→ Task goal:
Using the data below, reproduce exactly the lines from the line with "计算机生成了可选文字:|0Starting hadoopl : hadoop2" to the line with "St Ives Area Action Plan Draft Nov14", both included; pictures must be dropped.

** Material provided follows **

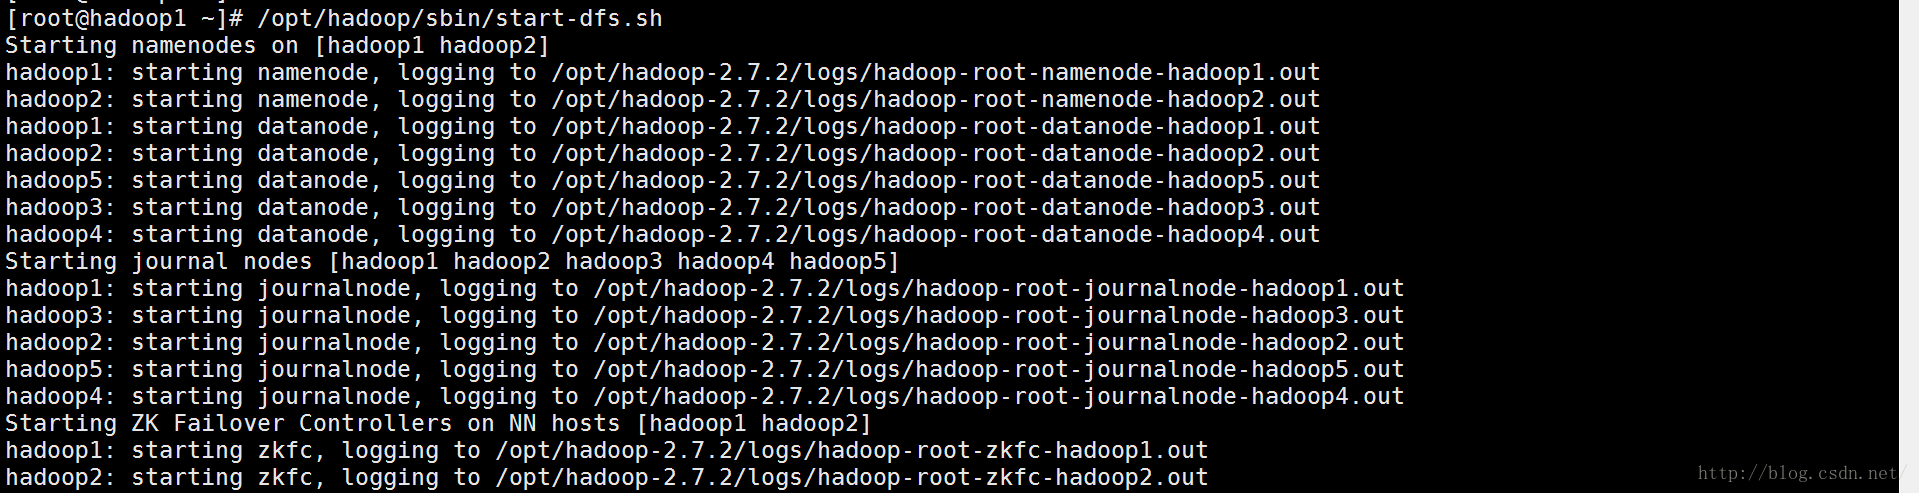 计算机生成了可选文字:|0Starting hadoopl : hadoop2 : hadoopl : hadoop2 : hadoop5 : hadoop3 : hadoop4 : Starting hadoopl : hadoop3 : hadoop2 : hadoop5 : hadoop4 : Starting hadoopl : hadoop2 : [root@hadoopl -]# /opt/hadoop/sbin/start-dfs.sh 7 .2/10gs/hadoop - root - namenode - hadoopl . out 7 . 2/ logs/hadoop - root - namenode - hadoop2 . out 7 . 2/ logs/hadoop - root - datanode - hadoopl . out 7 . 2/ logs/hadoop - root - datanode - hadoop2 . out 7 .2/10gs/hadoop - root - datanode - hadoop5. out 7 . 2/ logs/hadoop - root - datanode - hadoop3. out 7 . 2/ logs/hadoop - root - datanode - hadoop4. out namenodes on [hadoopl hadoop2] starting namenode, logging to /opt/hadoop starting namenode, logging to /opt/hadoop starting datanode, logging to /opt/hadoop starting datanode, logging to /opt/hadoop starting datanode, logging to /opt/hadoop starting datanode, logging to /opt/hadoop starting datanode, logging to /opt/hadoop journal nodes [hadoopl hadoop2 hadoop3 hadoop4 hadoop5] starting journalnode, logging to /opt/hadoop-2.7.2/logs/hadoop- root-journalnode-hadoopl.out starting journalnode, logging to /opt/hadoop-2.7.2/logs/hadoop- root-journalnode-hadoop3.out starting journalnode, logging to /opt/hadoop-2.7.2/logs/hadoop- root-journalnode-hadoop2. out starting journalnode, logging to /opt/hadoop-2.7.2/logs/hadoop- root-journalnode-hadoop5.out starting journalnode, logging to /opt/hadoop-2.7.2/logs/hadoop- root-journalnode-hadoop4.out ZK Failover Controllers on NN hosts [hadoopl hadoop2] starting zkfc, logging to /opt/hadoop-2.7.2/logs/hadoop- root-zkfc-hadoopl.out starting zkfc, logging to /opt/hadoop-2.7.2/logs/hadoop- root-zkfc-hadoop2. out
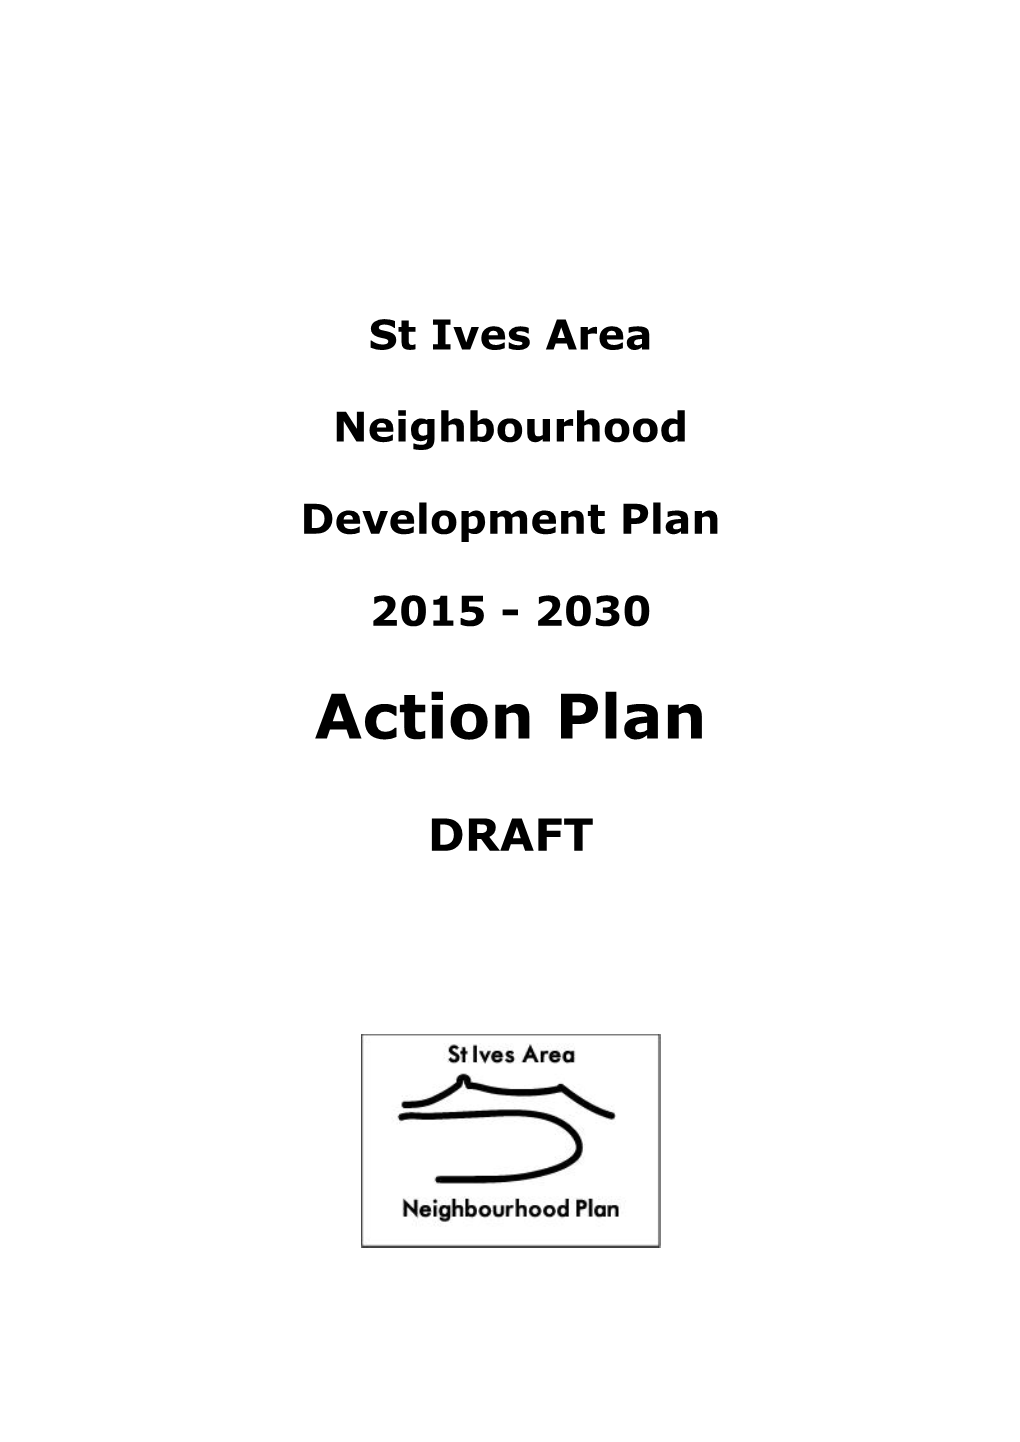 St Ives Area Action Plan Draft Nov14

** End of Material provided **
** Material provided follows **

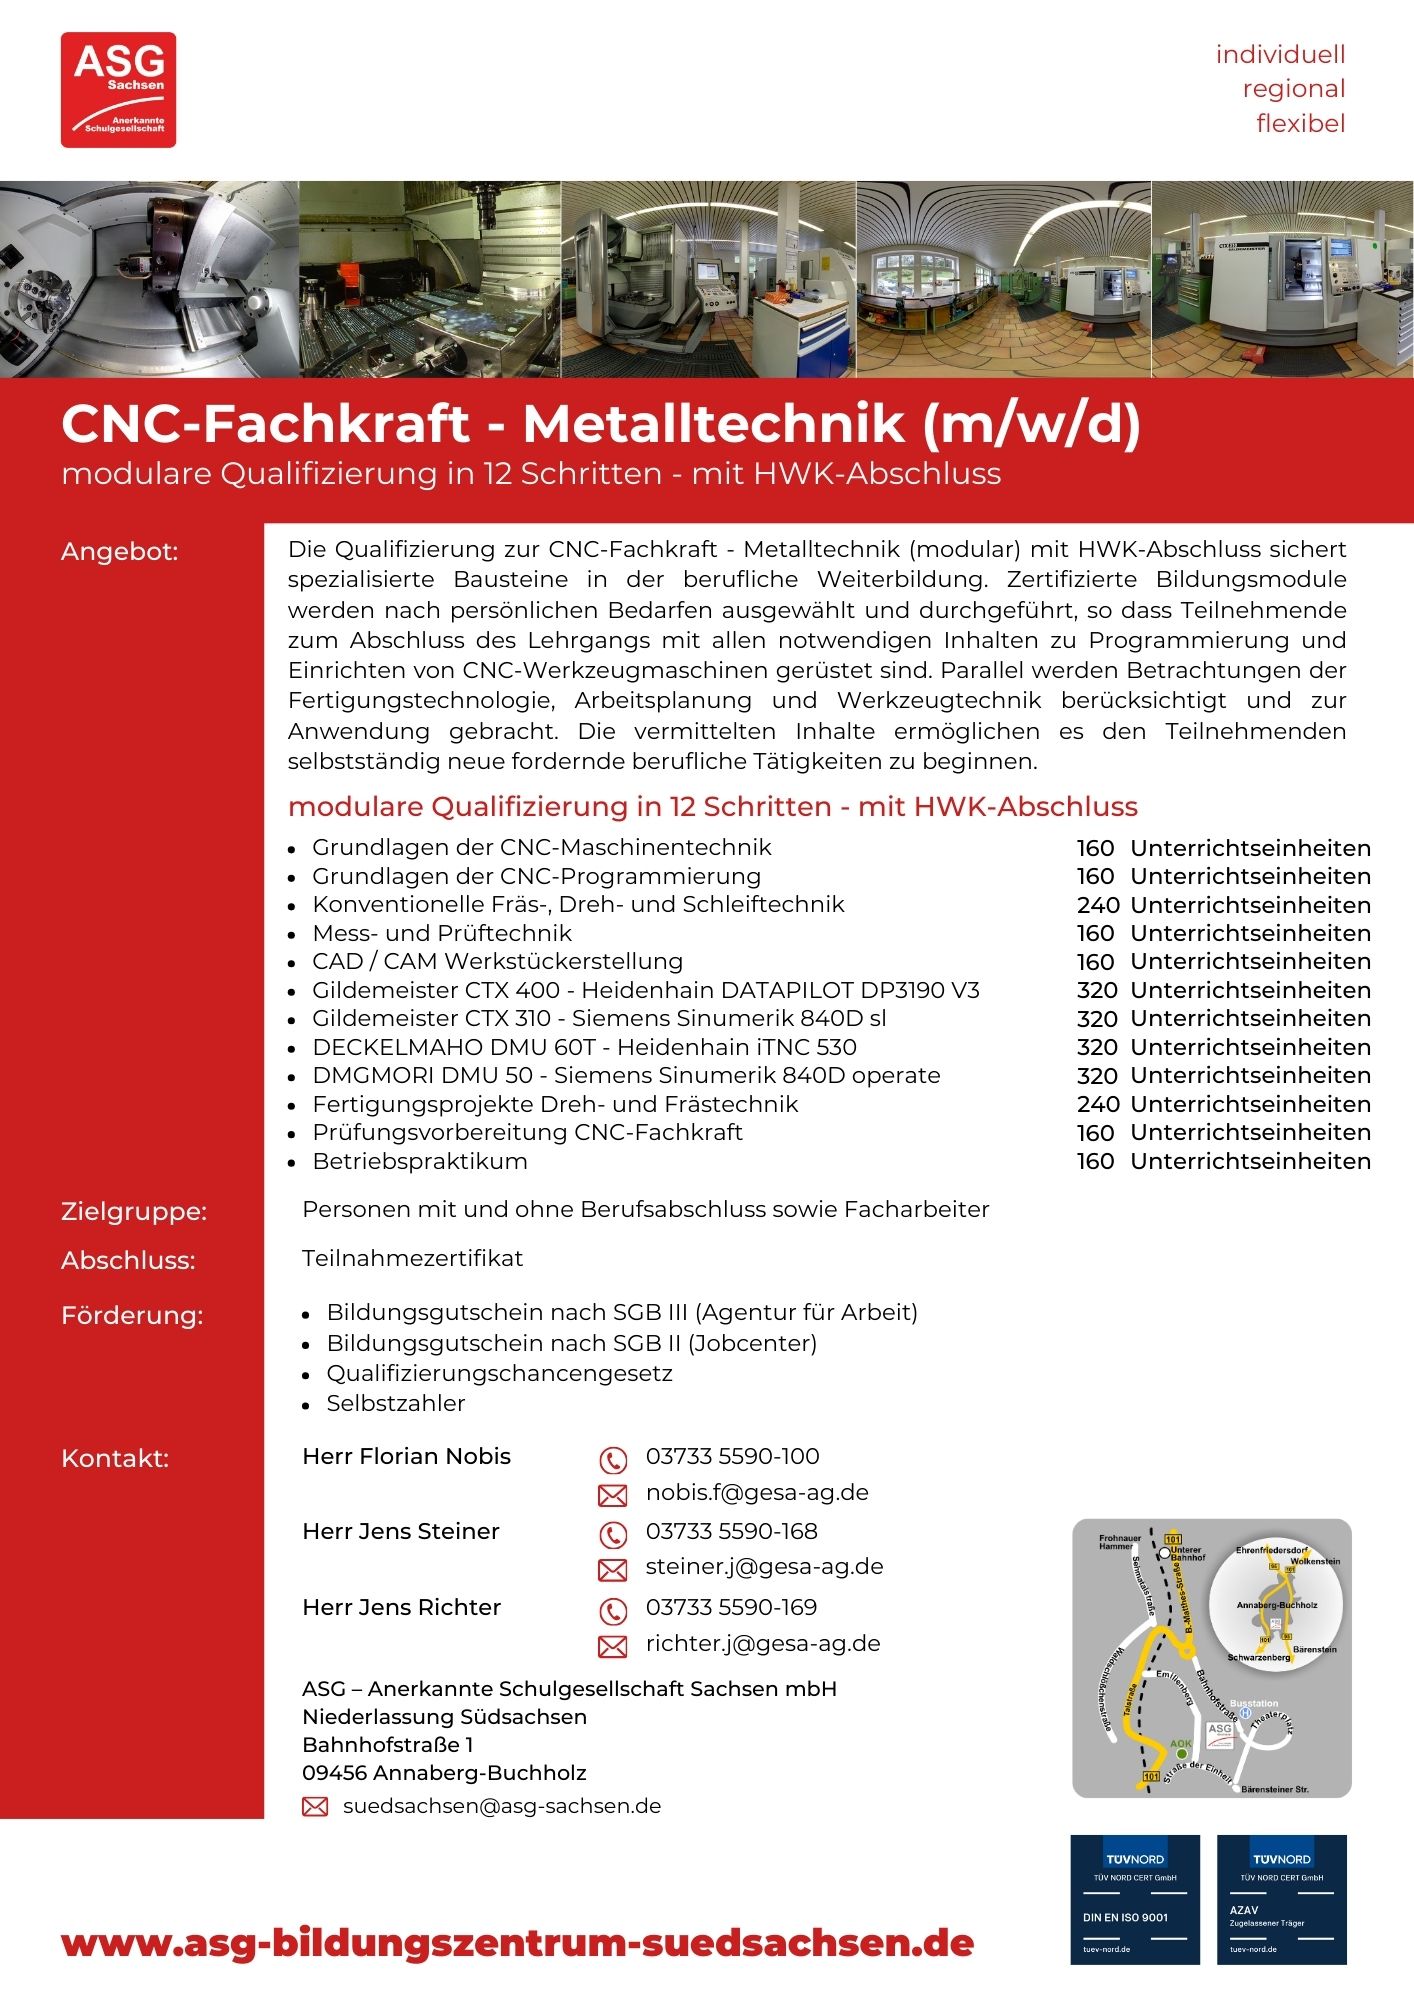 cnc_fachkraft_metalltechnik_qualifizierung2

** End of Material provided **

→ Result below:
 计算机生成了可选文字:|0Starting hadoopl : hadoop2 : hadoopl : hadoop2 : hadoop5 : hadoop3 : hadoop4 : Starting hadoopl : hadoop3 : hadoop2 : hadoop5 : hadoop4 : Starting hadoopl : hadoop2 : [root@hadoopl -]# /opt/hadoop/sbin/start-dfs.sh 7 .2/10gs/hadoop - root - namenode - hadoopl . out 7 . 2/ logs/hadoop - root - namenode - hadoop2 . out 7 . 2/ logs/hadoop - root - datanode - hadoopl . out 7 . 2/ logs/hadoop - root - datanode - hadoop2 . out 7 .2/10gs/hadoop - root - datanode - hadoop5. out 7 . 2/ logs/hadoop - root - datanode - hadoop3. out 7 . 2/ logs/hadoop - root - datanode - hadoop4. out namenodes on [hadoopl hadoop2] starting namenode, logging to /opt/hadoop starting namenode, logging to /opt/hadoop starting datanode, logging to /opt/hadoop starting datanode, logging to /opt/hadoop starting datanode, logging to /opt/hadoop starting datanode, logging to /opt/hadoop starting datanode, logging to /opt/hadoop journal nodes [hadoopl hadoop2 hadoop3 hadoop4 hadoop5] starting journalnode, logging to /opt/hadoop-2.7.2/logs/hadoop- root-journalnode-hadoopl.out starting journalnode, logging to /opt/hadoop-2.7.2/logs/hadoop- root-journalnode-hadoop3.out starting journalnode, logging to /opt/hadoop-2.7.2/logs/hadoop- root-journalnode-hadoop2. out starting journalnode, logging to /opt/hadoop-2.7.2/logs/hadoop- root-journalnode-hadoop5.out starting journalnode, logging to /opt/hadoop-2.7.2/logs/hadoop- root-journalnode-hadoop4.out ZK Failover Controllers on NN hosts [hadoopl hadoop2] starting zkfc, logging to /opt/hadoop-2.7.2/logs/hadoop- root-zkfc-hadoopl.out starting zkfc, logging to /opt/hadoop-2.7.2/logs/hadoop- root-zkfc-hadoop2. out
 St Ives Area Action Plan Draft Nov14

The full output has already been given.